With all the talk of a government shutdown and cuts in 2011 spending that would hurt nonprofits, a proposal in President Obama’s 2012 federal budget to revolutionize how the government spends money on social services has not attracted nearly as much attention as it deserves.
An idea he calls “pay for success” should be embraced by politicians from both sides of the aisle who want to see better results from social programs and more efficient use of government funds.
The proposal would provide government money to social-service groups that achieve good results.
Instead of receiving payments upfront, organizations would get government support based on the results they actually achieve.
In the interim, foundations, donors, and even private investors would provide money to run the programs.
If the programs produced results, according to an independent evaluation, the donors could get their money back and possibly more than that if the results were better than expected.
So not only does the idea help government avoid the risk of trying out programs that might not work but it also gives both foundations and government agencies a greater incentive to focus on financing what works.
Today, most federal programs simply hire nonprofits to provide a service, such as getting poor kids ready for kindergarten or providing job-skills training to people who want to get off welfare.
The results of such programs are rarely assessed, but those that have been assessed don’t always produce such great results.
To be sure, “performance based” government contracts have existed for a while.
But never before have these contracts been linked to a financing system that would allow donors or investors to provide initial support with the potential to recapture the money they put into a social-service program and even earn a financial return on their money.
In this time of gaping government budget deficits, this idea is especially attractive because it helps allocate government money to proven solutions.
It also has the potential to cut spending. For instance, if a program is found to do a great job of providing job-skills training for the poor, it could reduce spending on welfare programs over time.
For people in philanthropy, “pay for success” provides a new investment option, one in which the financial return depends directly on achieving social results.
Tying investments to social results has become a popular concept in philanthropy in recent years.
However, for most of these investments, the level of the financial return does not directly depend on the level of social results.
The “pay for success” model, on the other hand, creates a contract that specifies the rate of return based on the level of proven social results.
The “pay for success” approach opens the door to using market-rate investment capital as well as philanthropic support to finance innovative social programs that produce better results at a lower cost to taxpayers.
But at its heart, “pay for success” is not just a financing or cost-savings program. Its success hinges on whether nonprofits are able to deliver results that are superior to current government programs.
The “pay for success” idea will not be appropriate for all social services. For the approach to work, government agencies and nonprofits must be able to track the results of the program.
In areas like school readiness or employment services, the government is already collecting much of the data needed to determine the level of program success. But for many causes, the results will be difficult to track.

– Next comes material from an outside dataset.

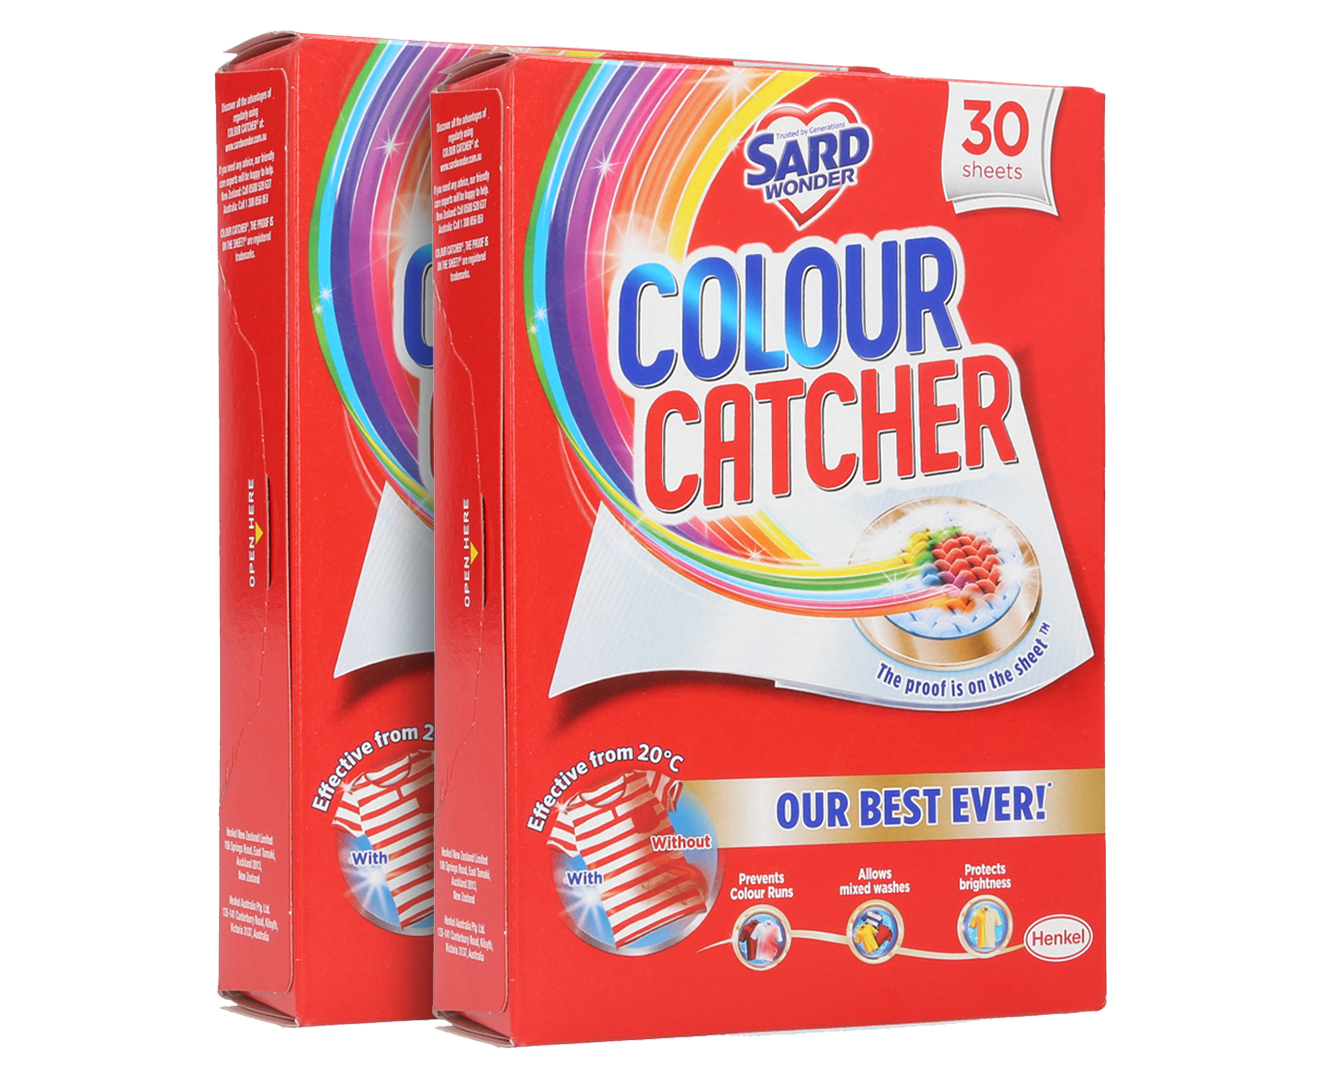 2-x-sard-wonder-colour-catcher-sheets-30pk-catch-au

If Congress agrees to give “pay for success” a try, the efforts should focus on nonprofit programs that have already undergone rigorous evaluation to prove their effectiveness and that have positive program results that would produce significant cost savings to the government.
The government is by far the largest financial backer of nonprofit services. If more of its money focused on rewarding the groups with the best results, we might witness a dramatic leap forward in solving the nation’s biggest problems while reducing spending on programs that don’t work.